# Birth and registration/visa...



## Purple_uk (Nov 6, 2012)

Hi all,

I am currently pregnant and would like some advice on the process of giving birth here in Cairo please.

Both me and my husband are british citizens, born and raised in the UK, moved here 3 years ago. My husband however is originally Egyptian and also has the egyptian passport and id (his parents did this for him when he was a child). Anyway, because of his egyptian nationality we have always entered and left Egypt without a visa or residency...not sure if this is legal or not?! His egyptian passport expired a few months ago and when we left Egypt on holiday he used his british passport and they didnt say anything (he did have to show his outdated egyptian passport though I guess as proof that he is egyptian). 

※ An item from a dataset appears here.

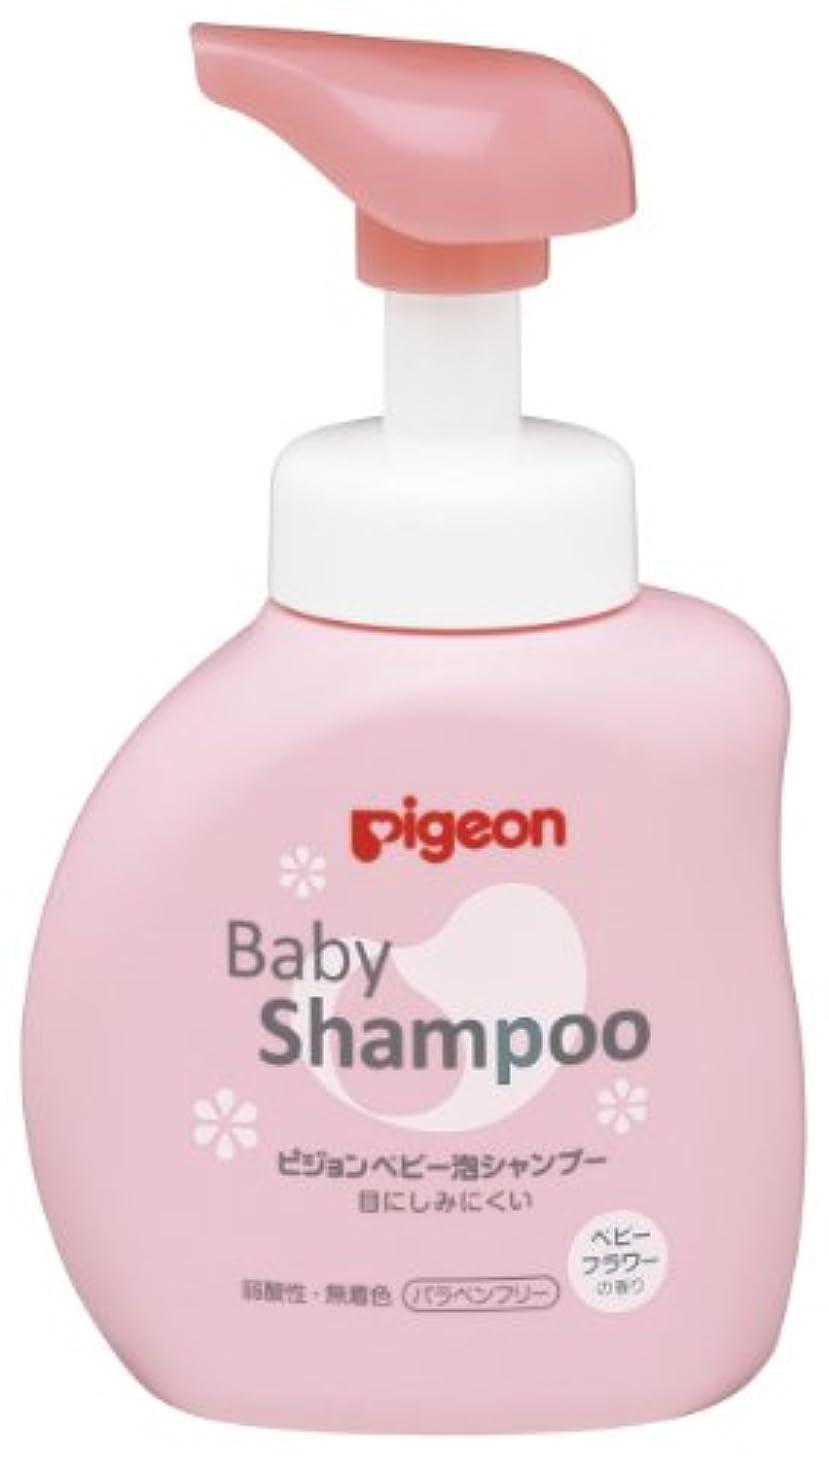 磨かれたでも成功するピジョン 泡シャンプー フラワーの香り ボトル 350ml (0ヵ月~)

Anyway, my problem is once the baby is born we will register the birth and apply for the british passport...but when we leave the country for the first time with baby will we have any problems due to our current situation? I also read in a previous post that because the babys passport has no visa stamp we will encounter problems leaving, especially since the father has egyptian nationality aswell, unless we get the baby an egyptian passport...is this true? And if we were to get baby the egyptian passport, would he (if a boy) have to do military service later on? If this is going to be an issue then should we be getting residency so as not to have to use husbands egyptian nationality when giving birth in order to keep everything "british" so that no problems arise later on as im guessing with both parents being british it should be easier right?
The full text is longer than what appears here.